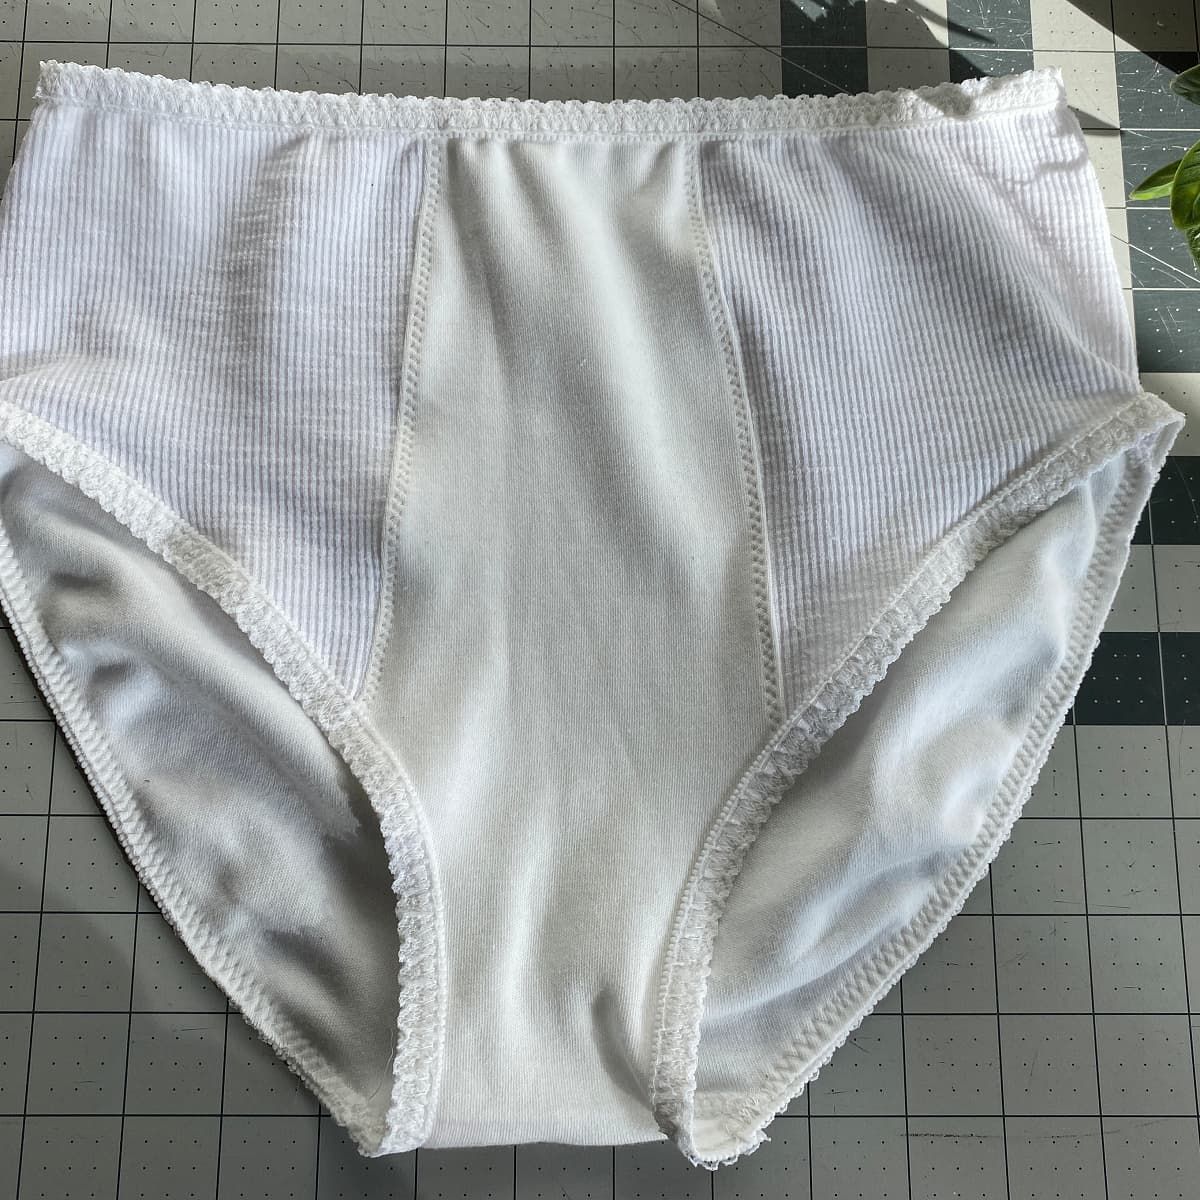 make your own underwear
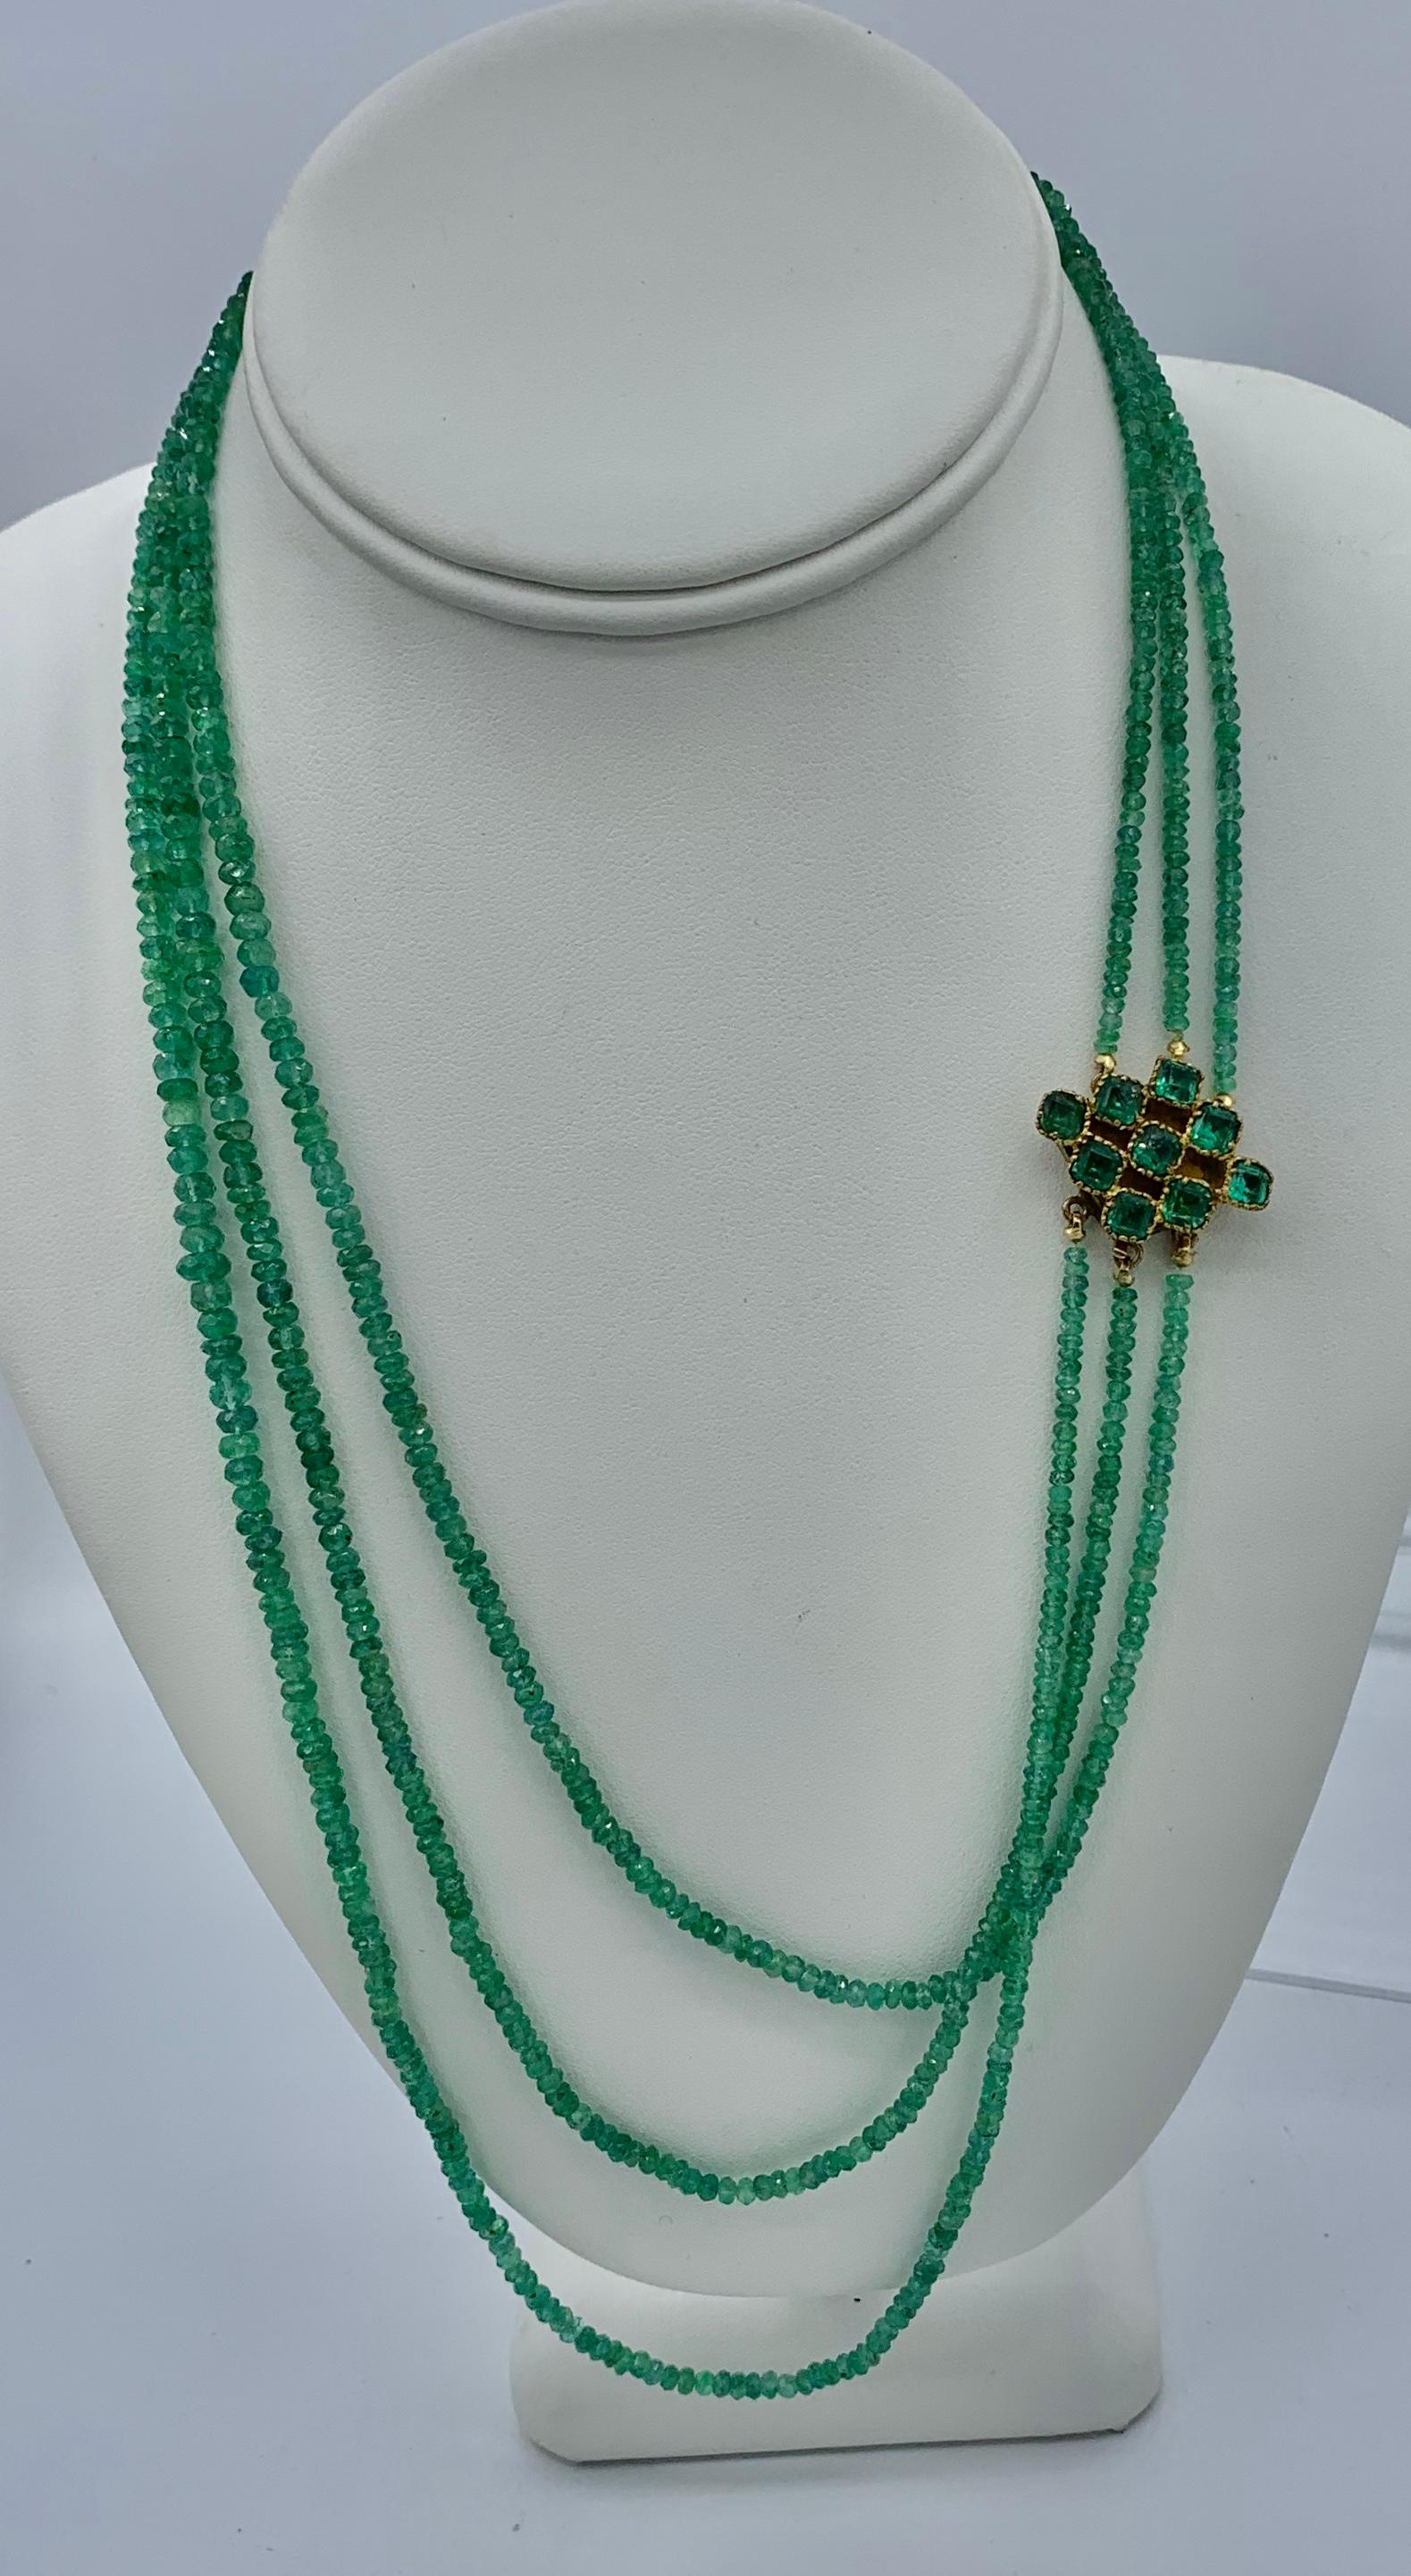 Dies ist eine strahlende Smaragd-Halskette mit drei Strängen von abgestuften funkelnden natürlichen Smaragd-Perlen mit einem fabelhaften Smaragd-Verschluss.  Die Smaragdkette ist mit dem kürzesten Strang 22 Zoll (55 cm) lang. Die Schließe ist mit
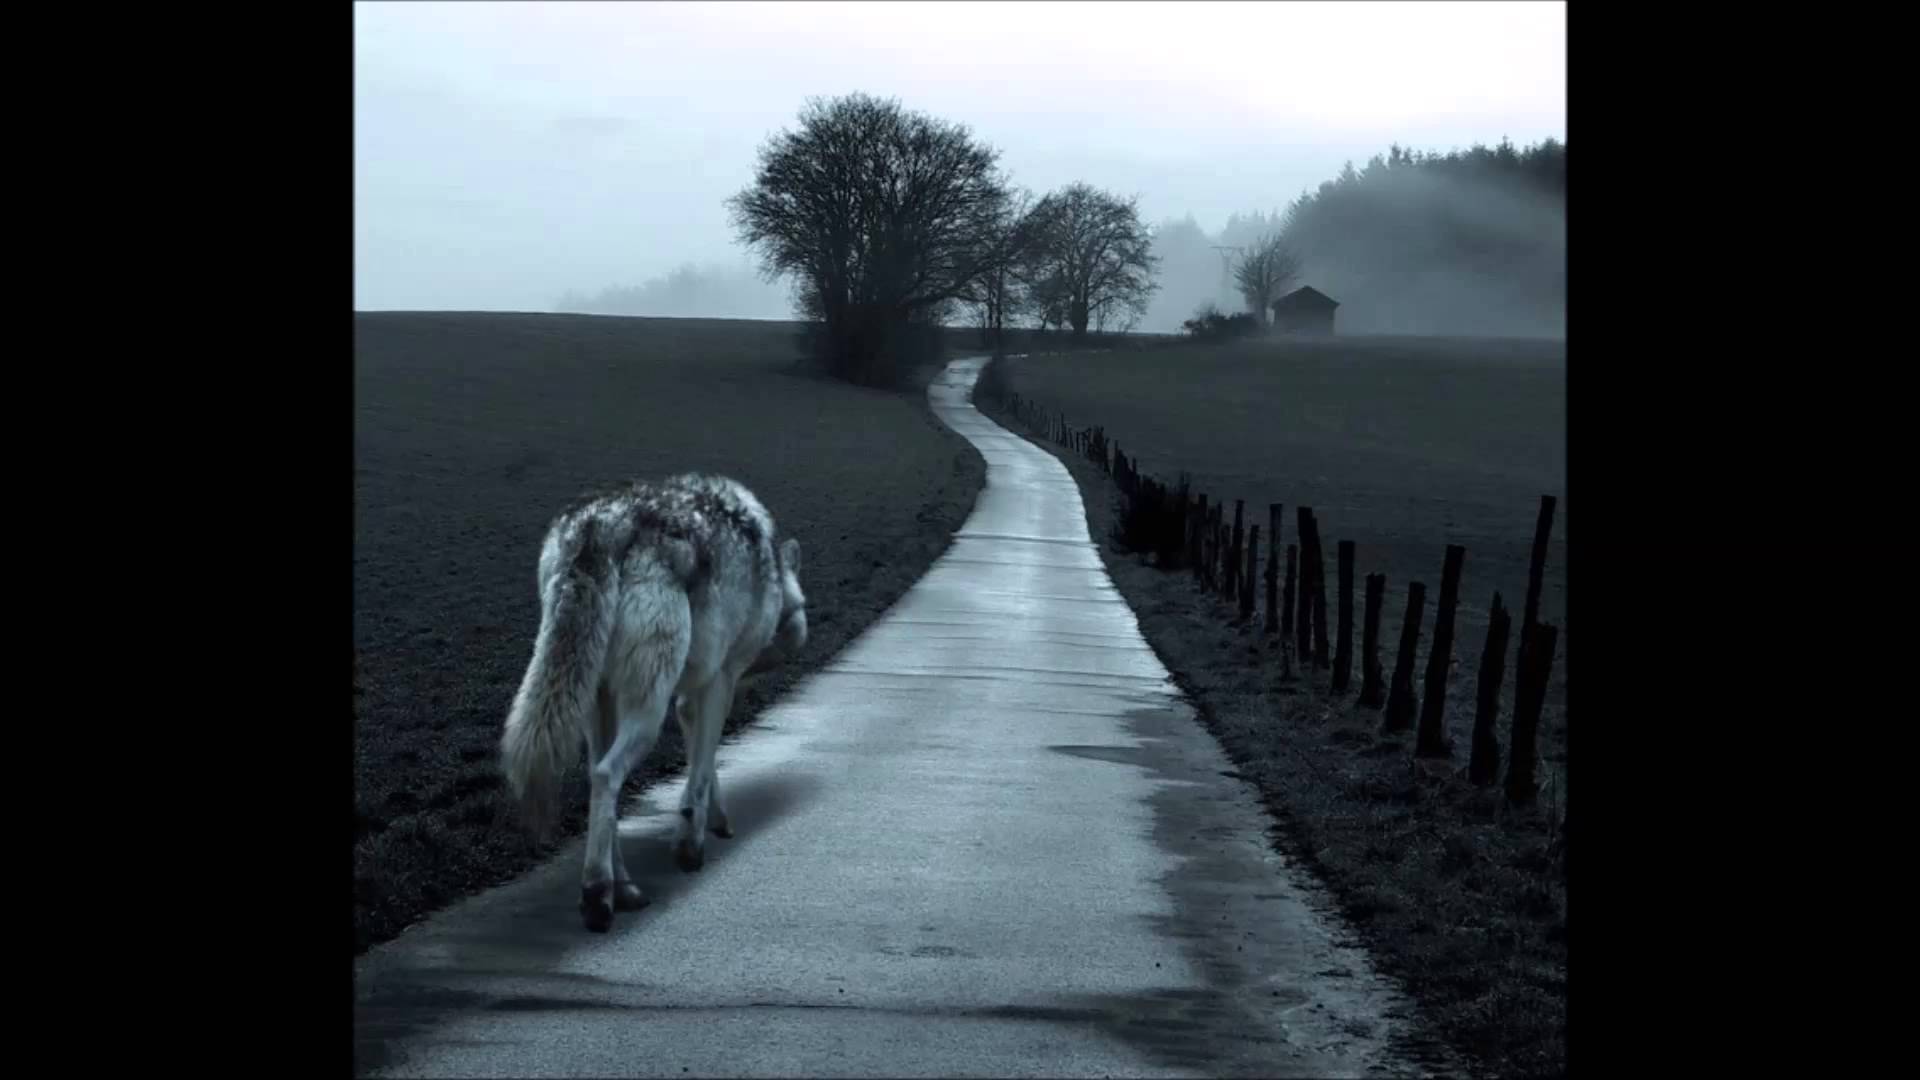 Видимо никуда. Волк уходит. Волк уходит в даль. Волк уходящий в даль. Волк идет по дороге.

=====

The required answer is the material repeated exactly, with no images in it.

 make your own underwear
 Dies ist eine strahlende Smaragd-Halskette mit drei Strängen von abgestuften funkelnden natürlichen Smaragd-Perlen mit einem fabelhaften Smaragd-Verschluss.  Die Smaragdkette ist mit dem kürzesten Strang 22 Zoll (55 cm) lang. Die Schließe ist mit
 Видимо никуда. Волк уходит. Волк уходит в даль. Волк уходящий в даль. Волк идет по дороге.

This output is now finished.